Ugandan President Yoweri Museveni seized an unassailable lead yesterday, as poll officials wrapped up tallying, taking more than two-thirds of the vote amid fraud claims from his main rival.
According to electoral commission chairman Badru Kiggundu, the incumbent, who has ruled the east African country for 25 years, won 68.28 percent of the 8.1 million votes counted so far following Friday’s polls.
Kiggundu did not provide a turnout figure, but said the votes from only 550 out of 24,000 polling stations remained to be processed.
When asked whether Museveni could still mathematically be forced into a second round, another electoral board official said: “It seems impossible.”
The veteran leader’s main rival Kizza Besigye — who has complained of widespread irregularities before, during and after polling — had only garnered 26.12 percent of the vote at the same stage of tallying.
“The results released by the electoral commission do not represent the will of the people,” Margaret Wokuri, spokeswoman for Besigye’s Inter-party Cooperation (IPC) opposition platform, told reporters.
“There was intimidation, bribery and very clear ballot stuffing. I think now really the world knows what kind of elections we have in Uganda,” she said.
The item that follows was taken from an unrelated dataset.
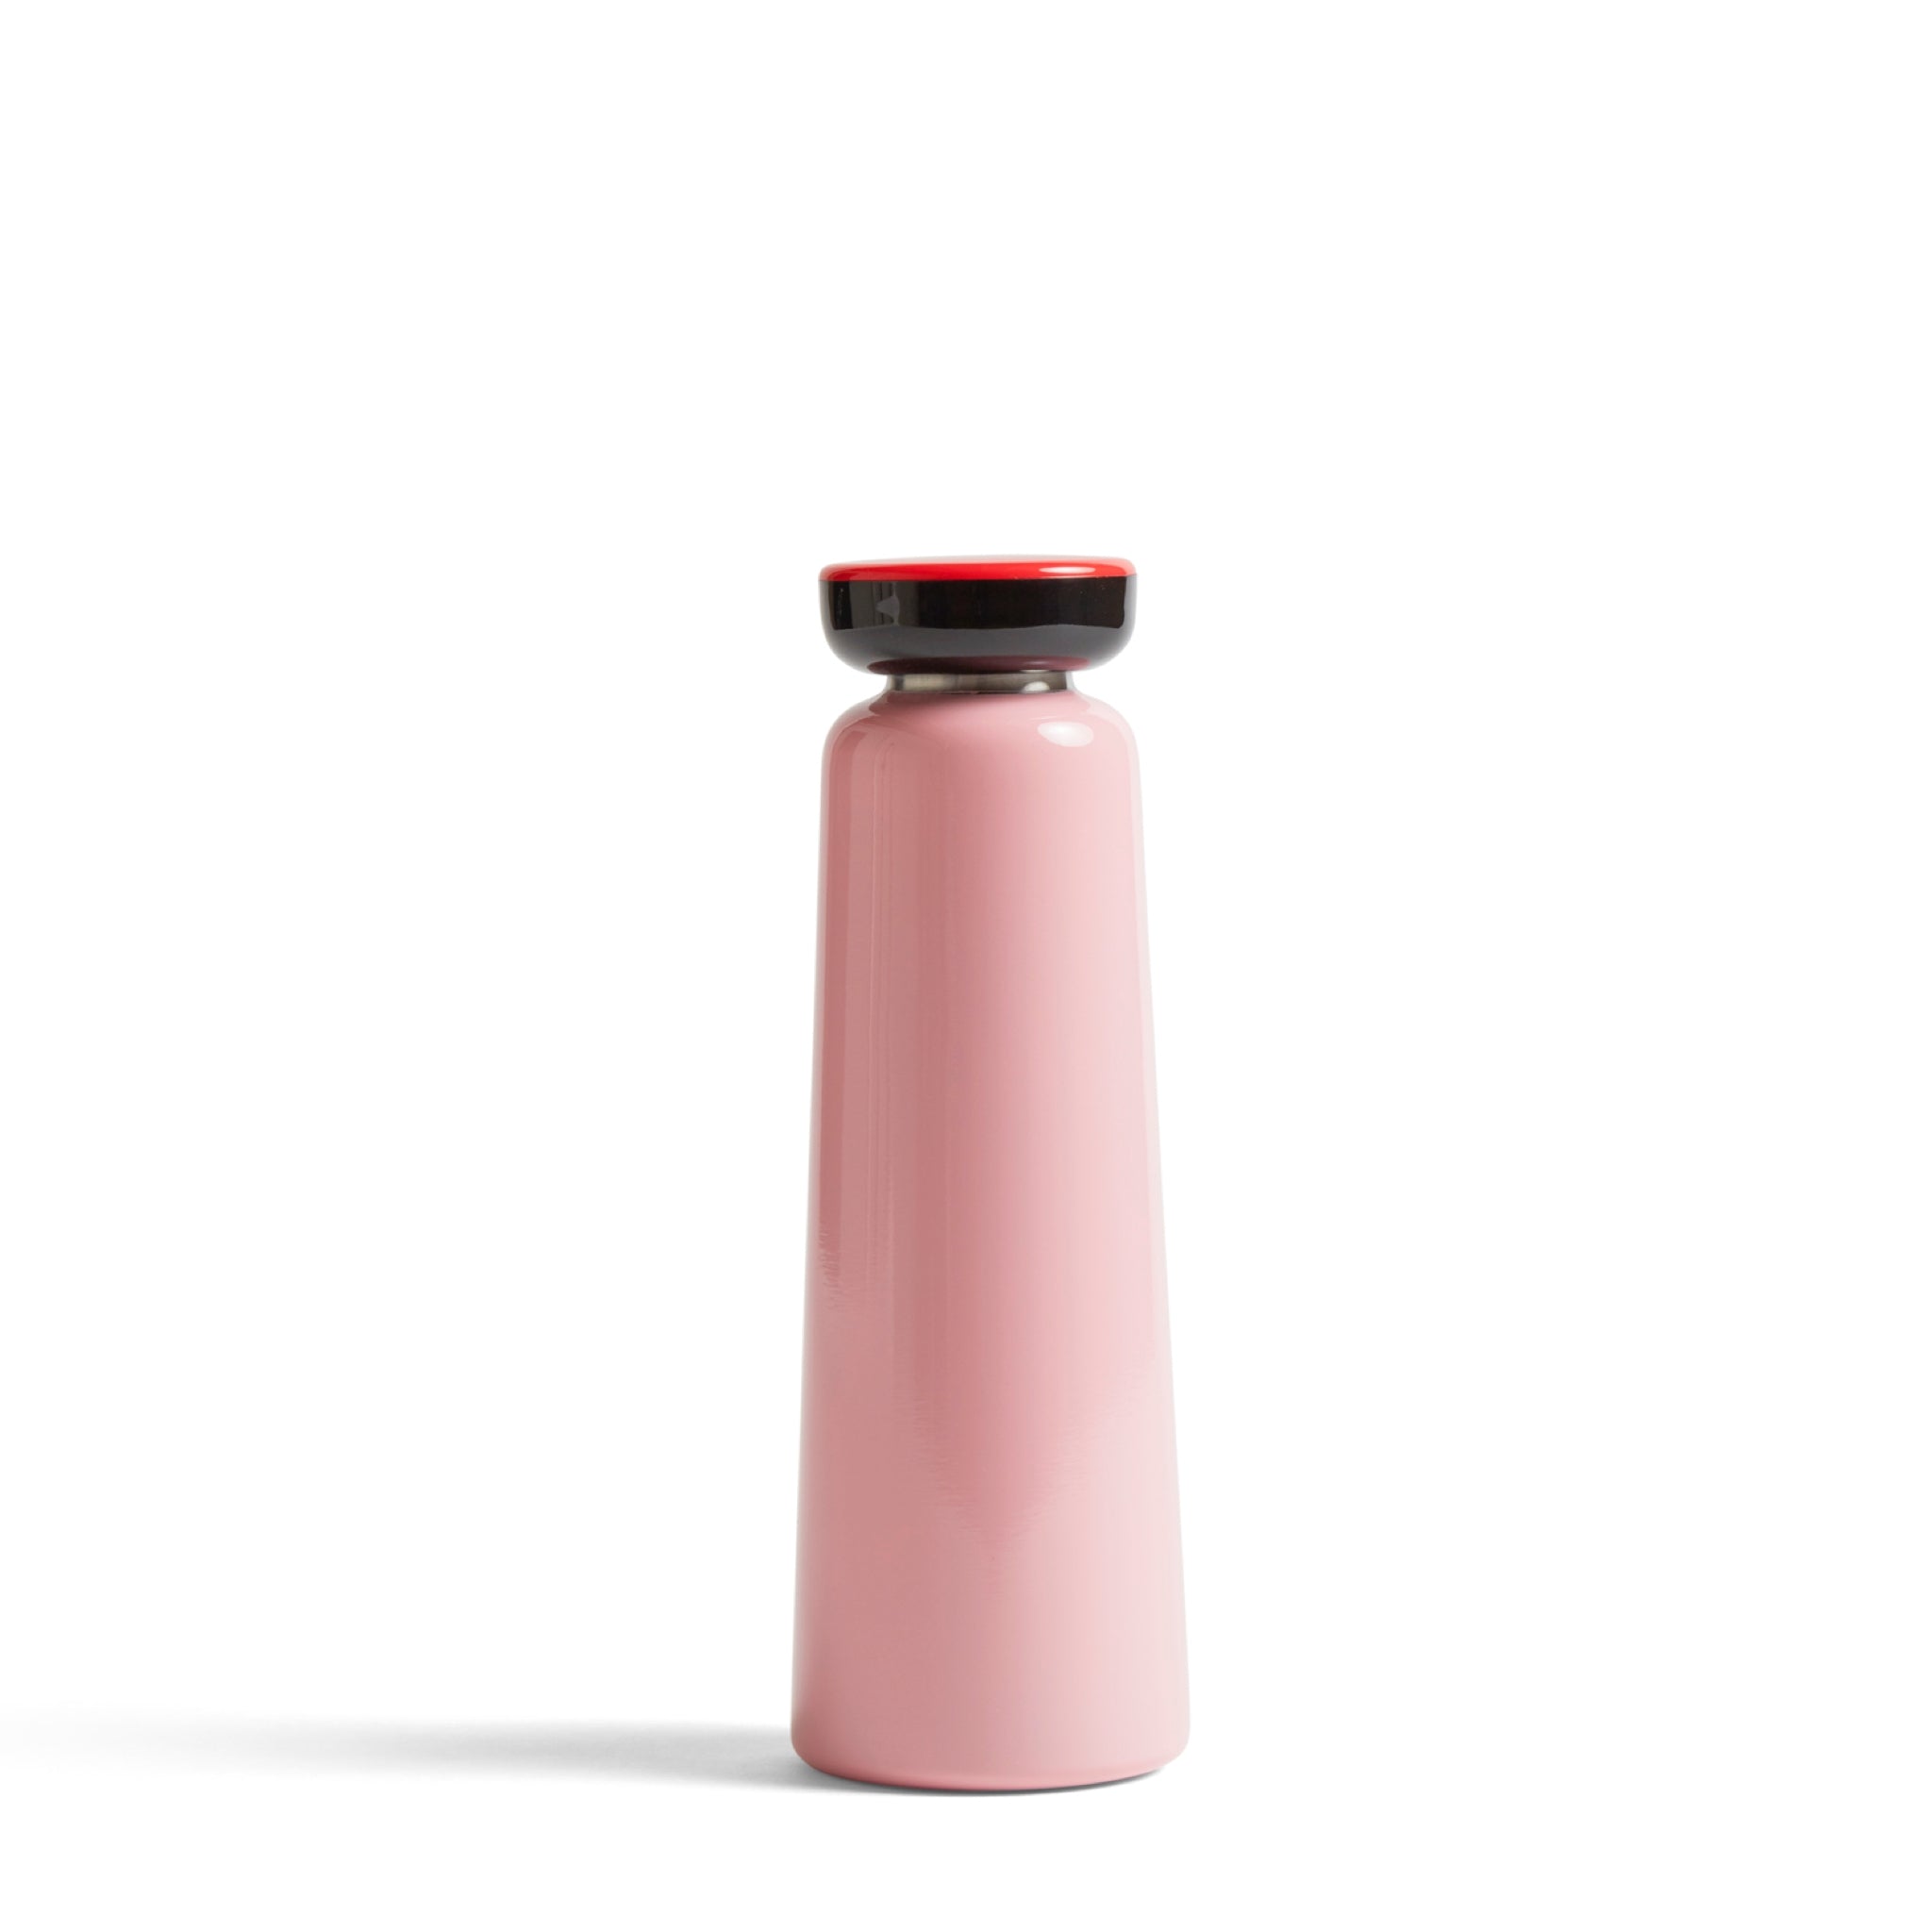 Sowden Bottle by Hay
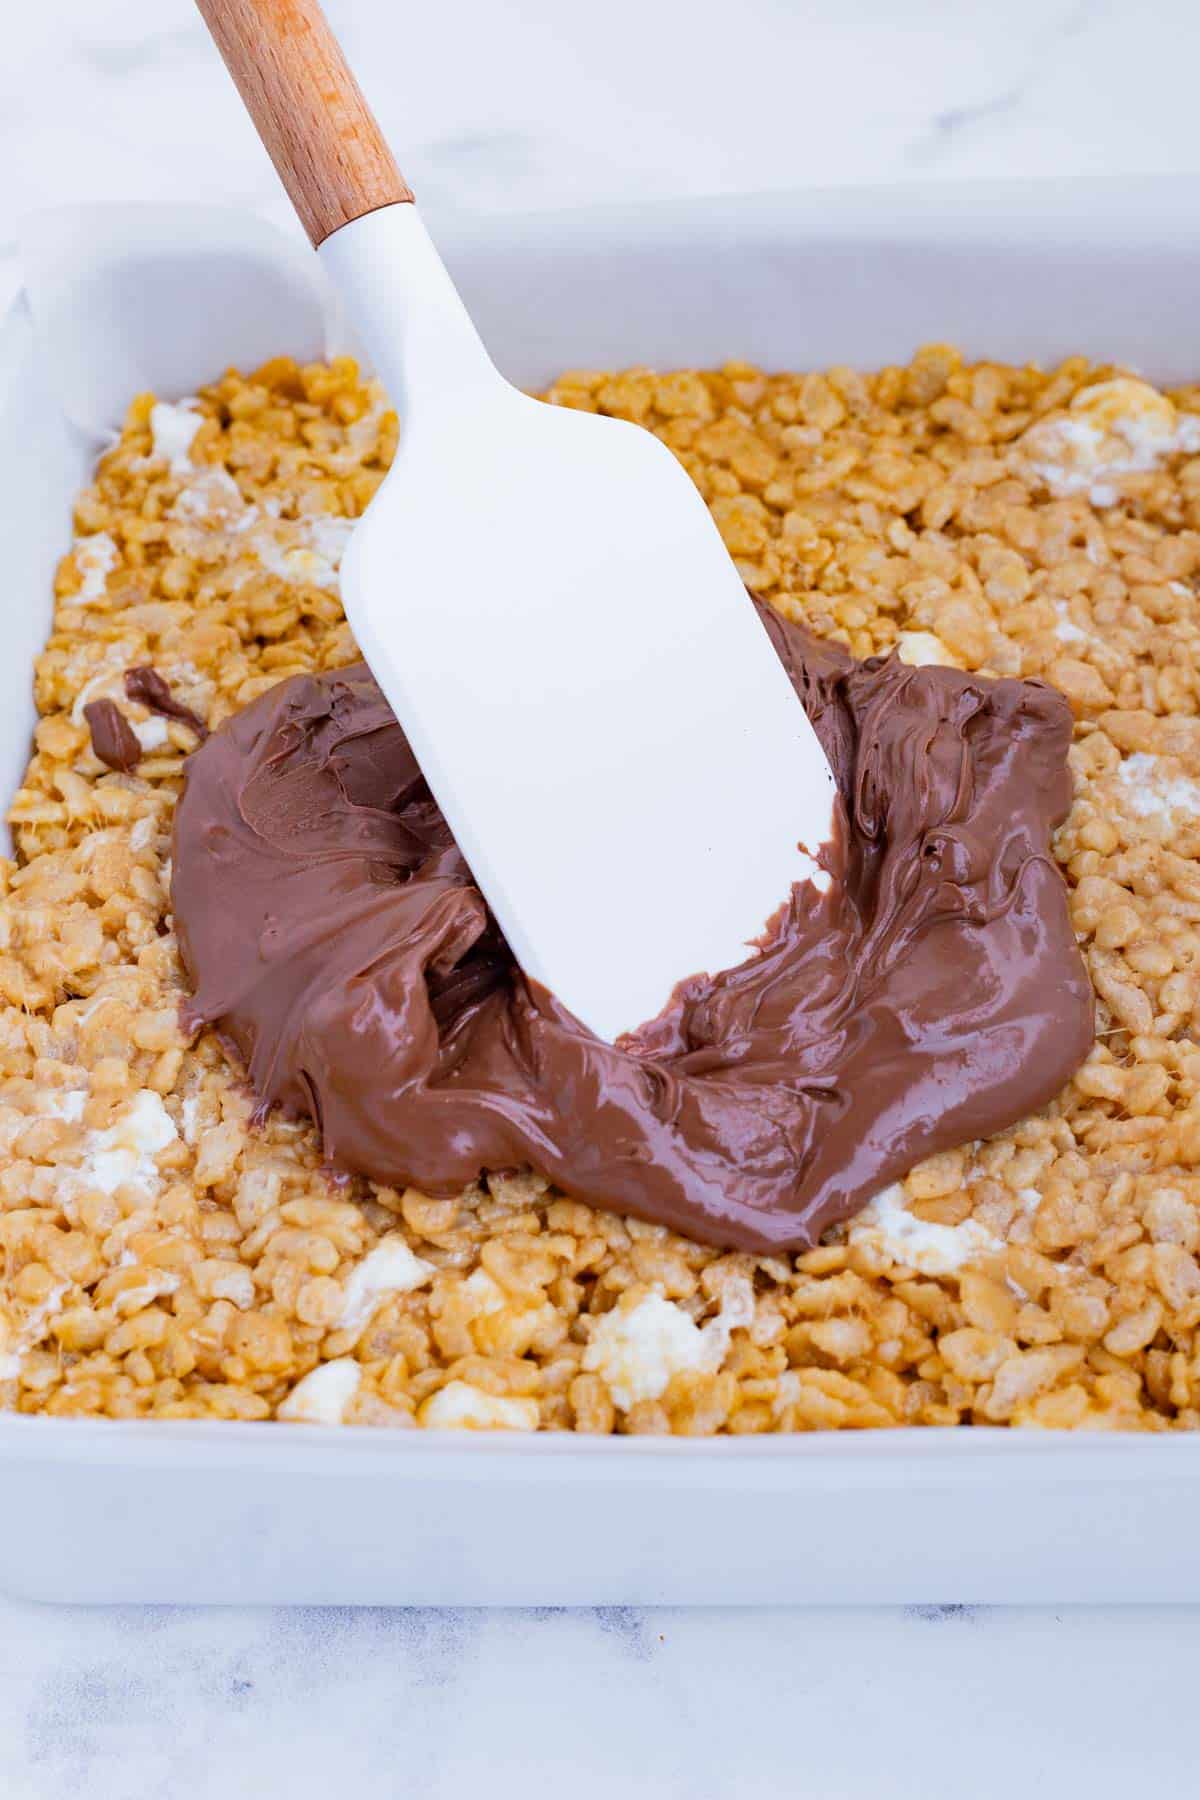 Melted chocolate is spread over the top of the treat.

The electoral commission acknowledged some minor irregularities, but insisted they had been dealt with and said full official results were expected to be announced shortly.
Poll observers reported some flaws in the electoral process.
In an interim statement, Commonwealth observer group chair Billie Miller said that “the main concern regarding the campaign and indeed the overall character of the election was the lack of a level playing field.”
“This statement reflects improvements which were welcome and encouraging. However there remain shortcomings which need to be addressed,” she told reporters.
Besigye, the most prominent of Museveni’s seven challengers, vowed beforehand that only rigging could deprive him of victory and accused the electoral body of being partial.
He told reporters on Saturday he would convene a meeting with his top advisers yesterday to decide on the best course of action for his movement.
Parallel counting was conducted in a secret tallying center by a small army of number-crunchers from his IPC coalition with the aim of challenging official results.
However, with only a fraction of the returns from polling stations trickling into the shadow center, Besigye’s parallel tallying appeared to have backfired as even his partial results gave Museveni 62 percent of the vote.
Polls opened late in some parts of the capital Kampala, which voted against Museveni in the 2006 elections, prompting opposition claims that the president was trying to cheat his way to re-election.
Museveni now looked assured of extending his rule by five years, joining Libya’s Muammar Qaddafi and Zimbabwean President Robert Mugabe, among others, in a club of African leaders who have ruled more than 30 years.
Opponents of Museveni had warned Uganda was ripe for the kind of uprising currently sweeping the Arab world, raising fears of unrest stemming from yet -another post-election dispute on the continent.
However, Museveni has dismissed any suggestion a wave of popular discontent could rattle his firm grip on east Africa’s second economy and polling day passed without major incident or sign of anti-regime mobilization.